The probability that Anna wins on her second turn (P2) can be calculated as follows:
P2 = (5/6 * 1/2) * P(A)
Here's the breakdown of the calculation:
- Anna has a 5/6 probability of not rolling a 6 on her first turn, and Bob has a 1/2 probability of not flipping heads on his first turn.
- If neither Anna nor Bob wins on their first turns, the game essentially restarts. So the probability of Anna winning from this point is still P(A).

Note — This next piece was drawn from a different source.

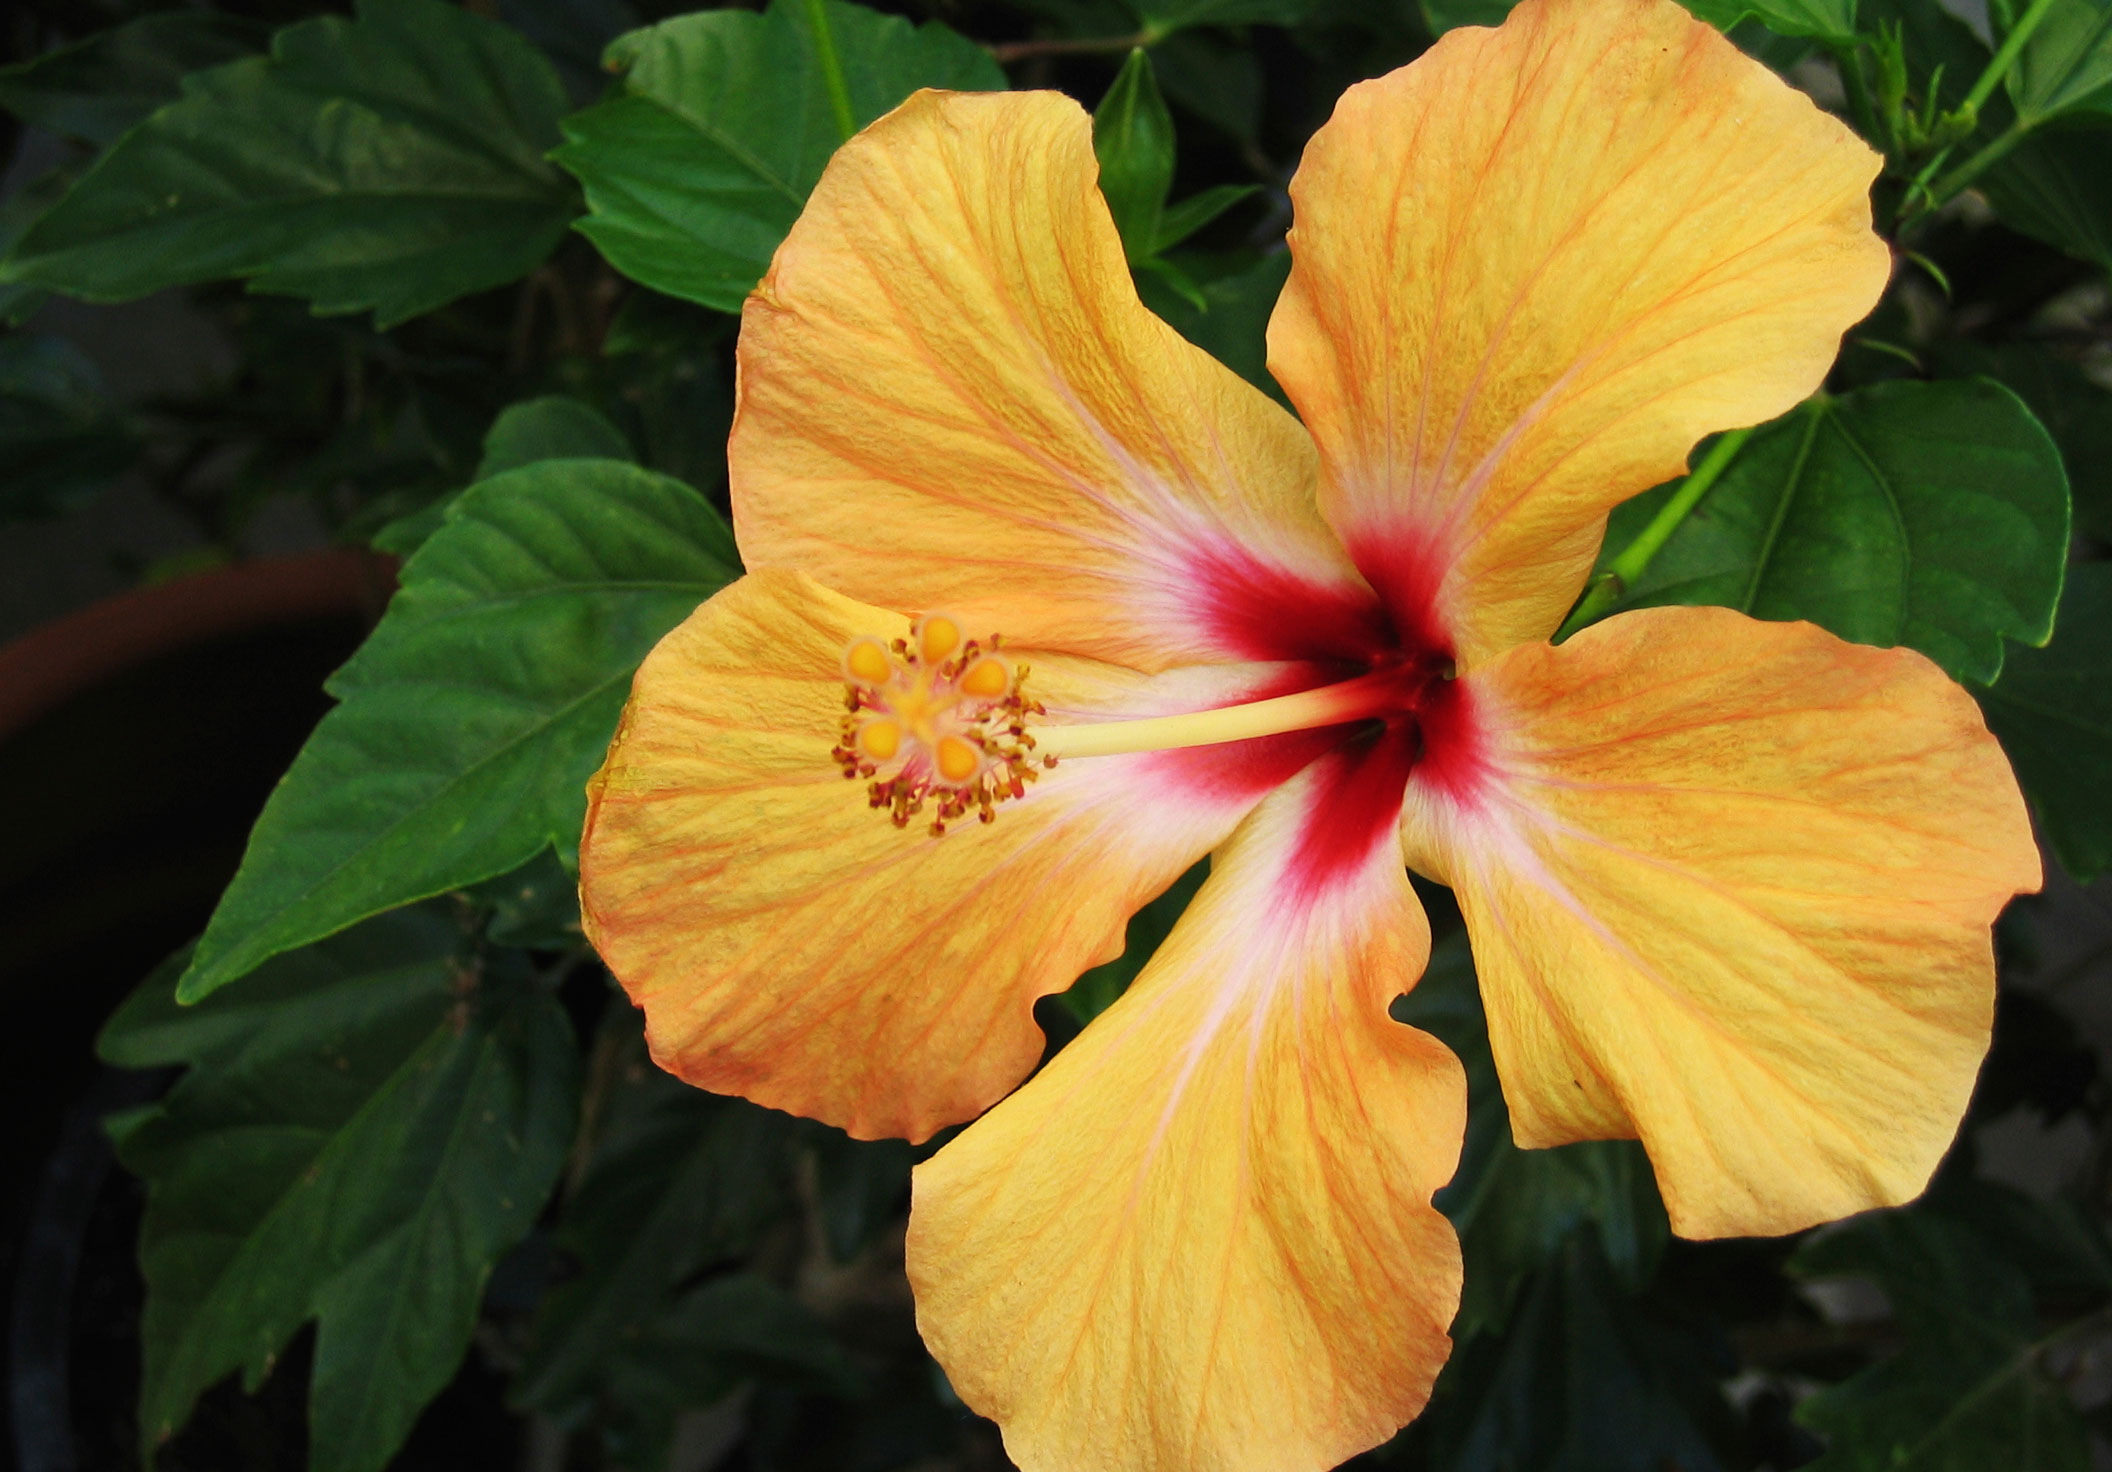 Best Medicinal Uses of Hibiscus Plant and Flower

Similarly, the probability that Anna wins on her third turn (P3) can be calculated as:
P3 = (5/6 * 1/2) * (5/6 * 1/2) * P(A)
Notice that the pattern continues, where the probability of Anna winning on each subsequent turn is the product of (5/6 * 1/2) and the probability of winning from the previous turn.
To find the exact probability, we need to sum the infinite sequence of these probabilities, because the game can potentially go on indefinitely. This can be done using the formula for the sum of an infinite geometric series:
Sum of infinite geometric series = a / (1 - r)
In this case, a represents the first term (P1 = 1/6) and r represents the common ratio (5/6 * 1/2).
Now, let's substitute these values into the formula:
Probability of Anna winning = P(A) + P2 + P3 + ...
Probability of Anna winning = (1/6) / (1 - (5/6 * 1/2))
Simplifying the equation:
Probability of Anna winning = (1/6) / (1/3)
Probability of Anna winning = 1/2
Hence, the exact probability that Anna will win the game is 1/2 or 0.5.